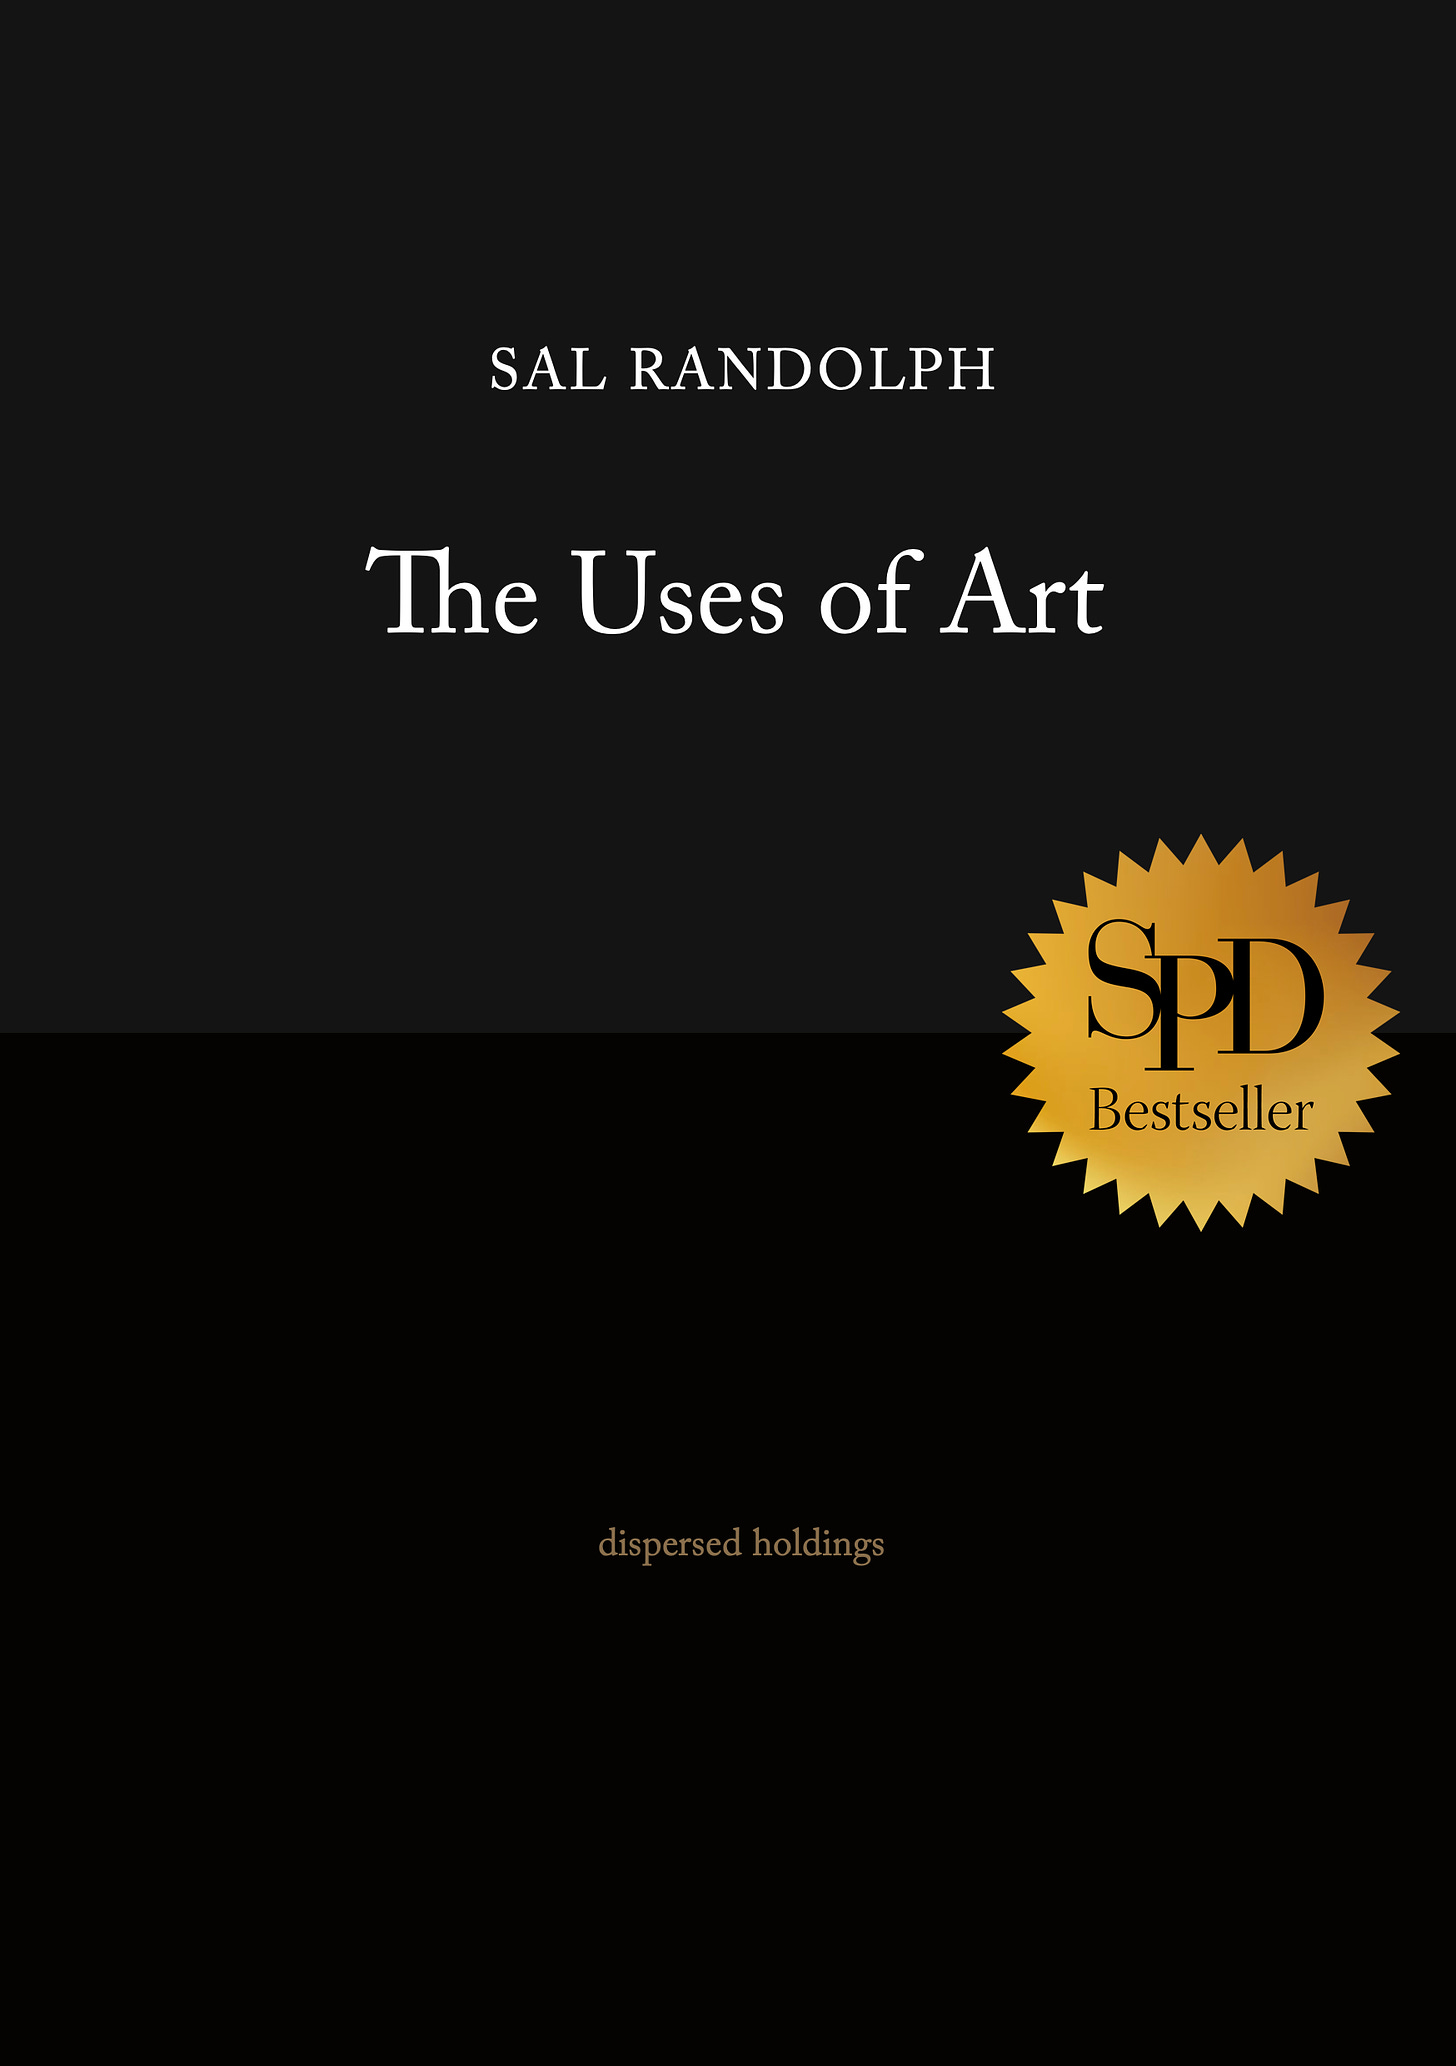 Front cover of The Uses of Art by Sal Randolph. The cover is black on black with white text, and there is a gold badge that says SPD Bestseller.
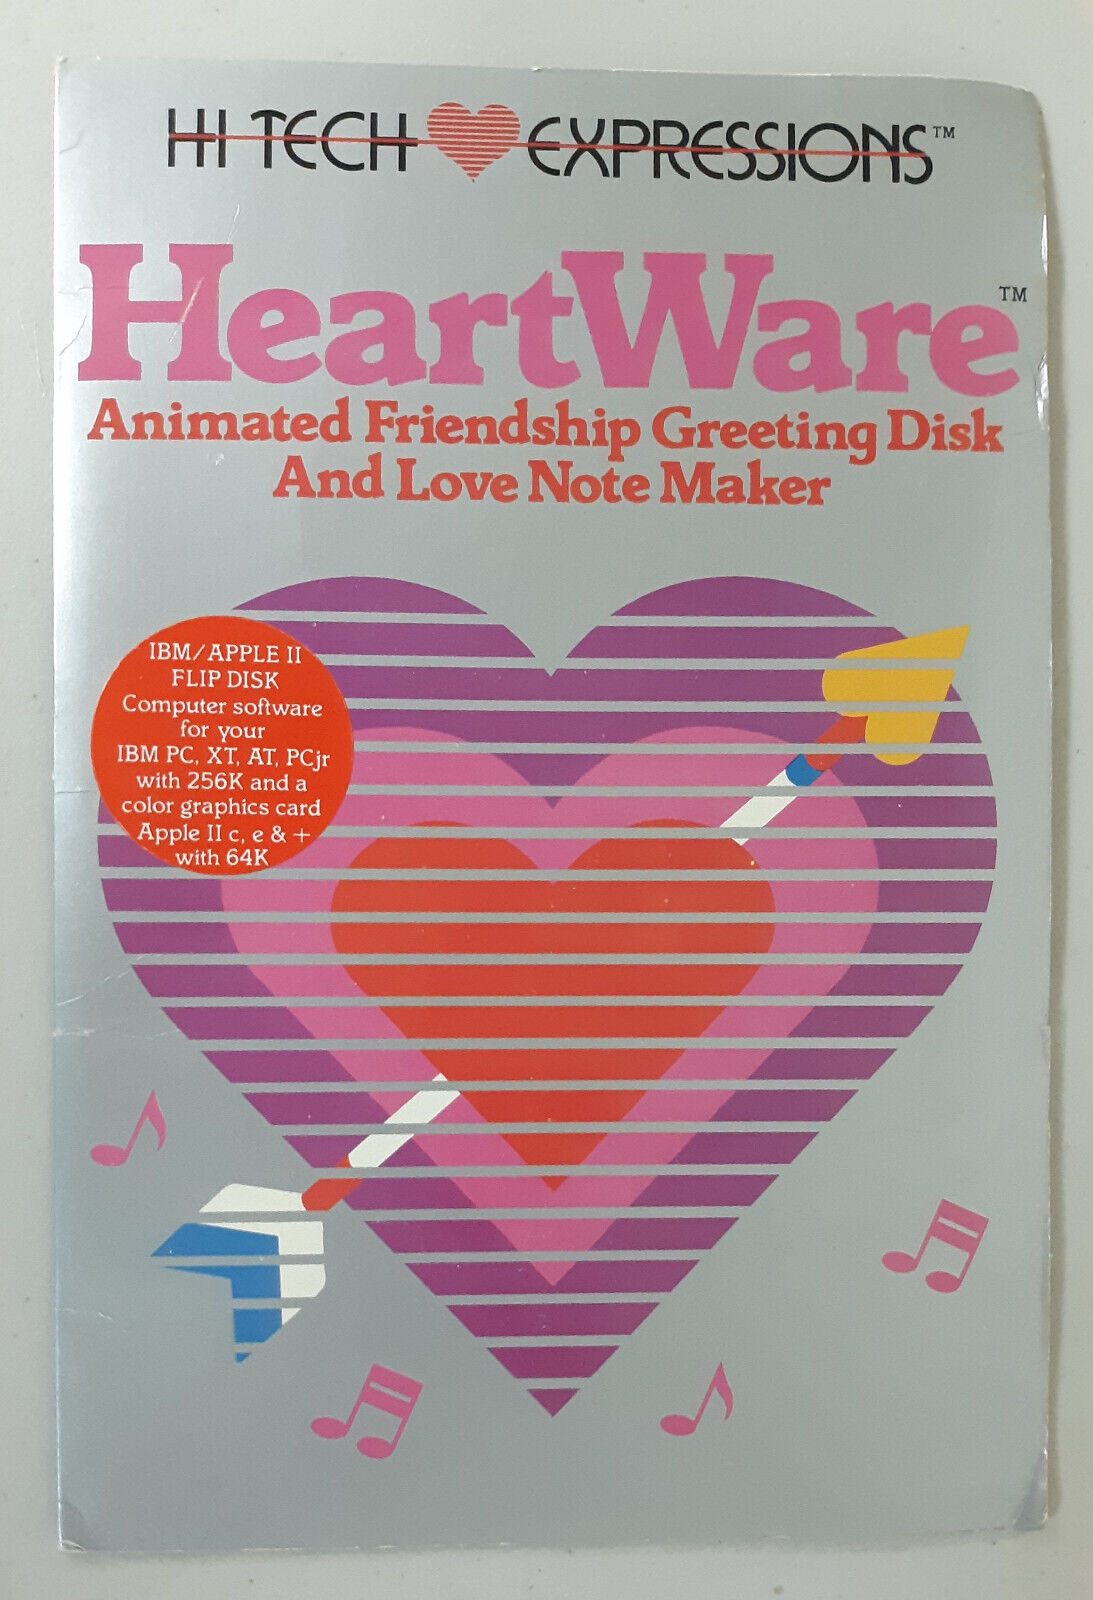 Heartware Note Maker by Hi Tech Expressions for Apple II+,IIe,c,IIgs & IBM 1986
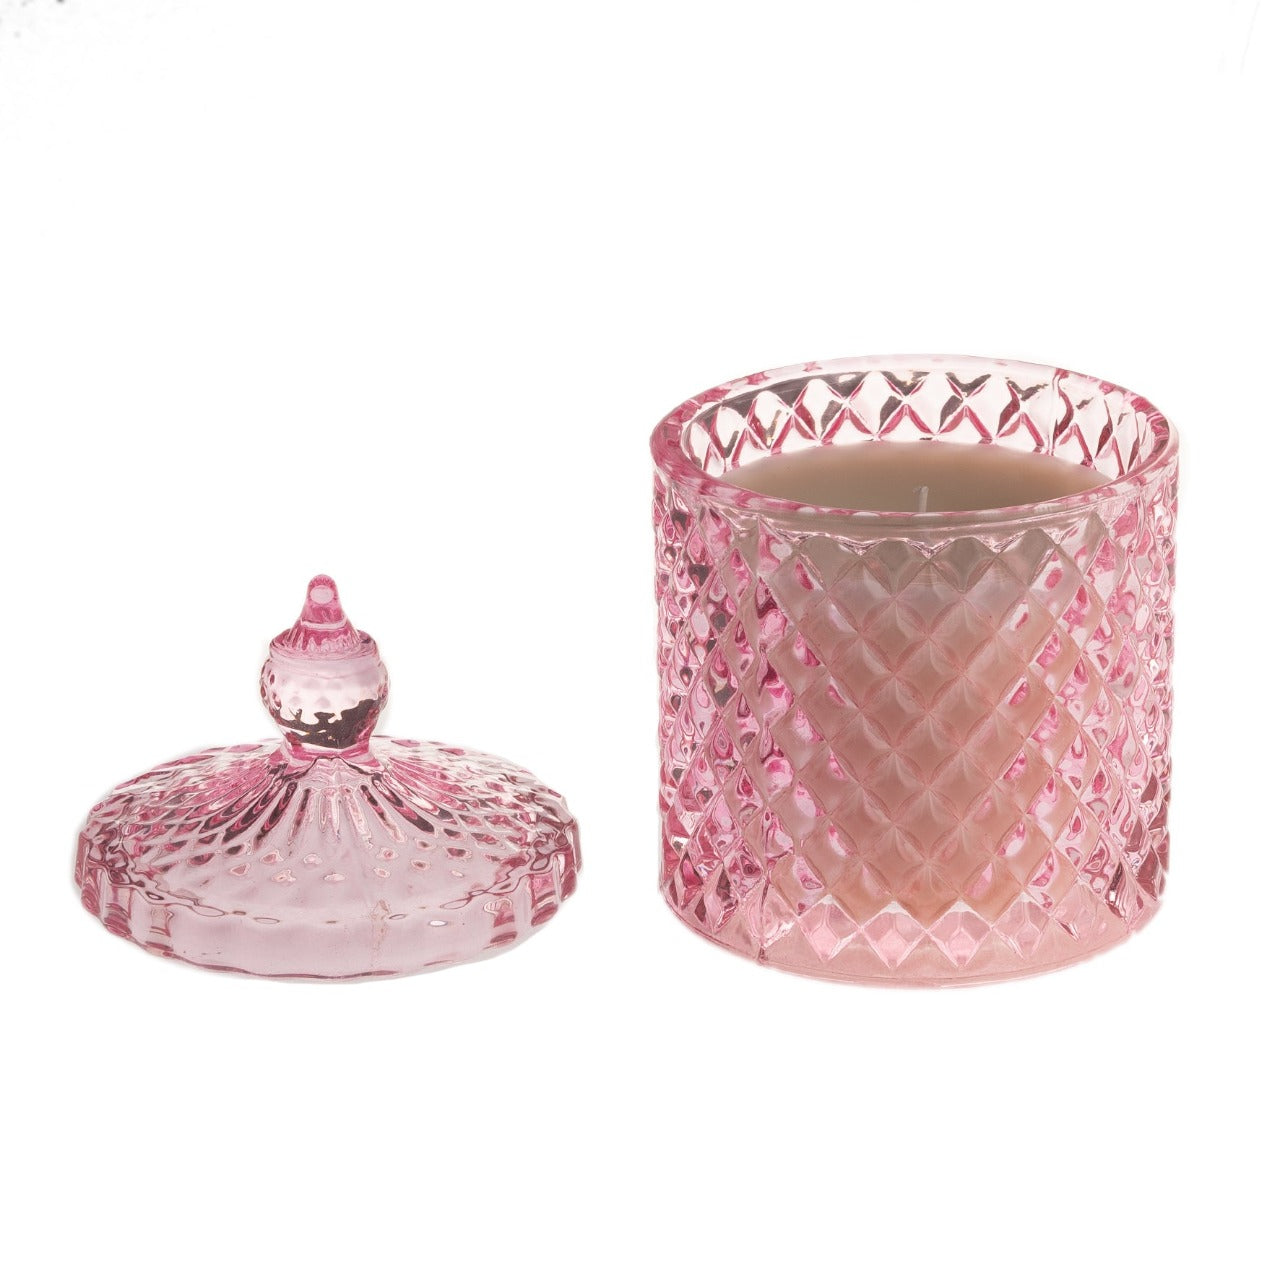 Opulence Rose, Spiced Cardamom & Pink Pepper Candle Jar  Inspired by the grace and unique beauty of the peacock, Opulence guarantees a majestical and serene Christmas. With contemporary bold night colours and embellished gold foils, these luxury gifts bring the fairy tale fantasy to life with their decorative textures and dazzling style.

What is being asked →
Copy all the data exactly as written, but skip any picture.

Answer box →
 Front cover of The Uses of Art by Sal Randolph. The cover is black on black with white text, and there is a gold badge that says SPD Bestseller.
 Heartware Note Maker by Hi Tech Expressions for Apple II+,IIe,c,IIgs & IBM 1986
 Opulence Rose, Spiced Cardamom & Pink Pepper Candle Jar  Inspired by the grace and unique beauty of the peacock, Opulence guarantees a majestical and serene Christmas. With contemporary bold night colours and embellished gold foils, these luxury gifts bring the fairy tale fantasy to life with their decorative textures and dazzling style.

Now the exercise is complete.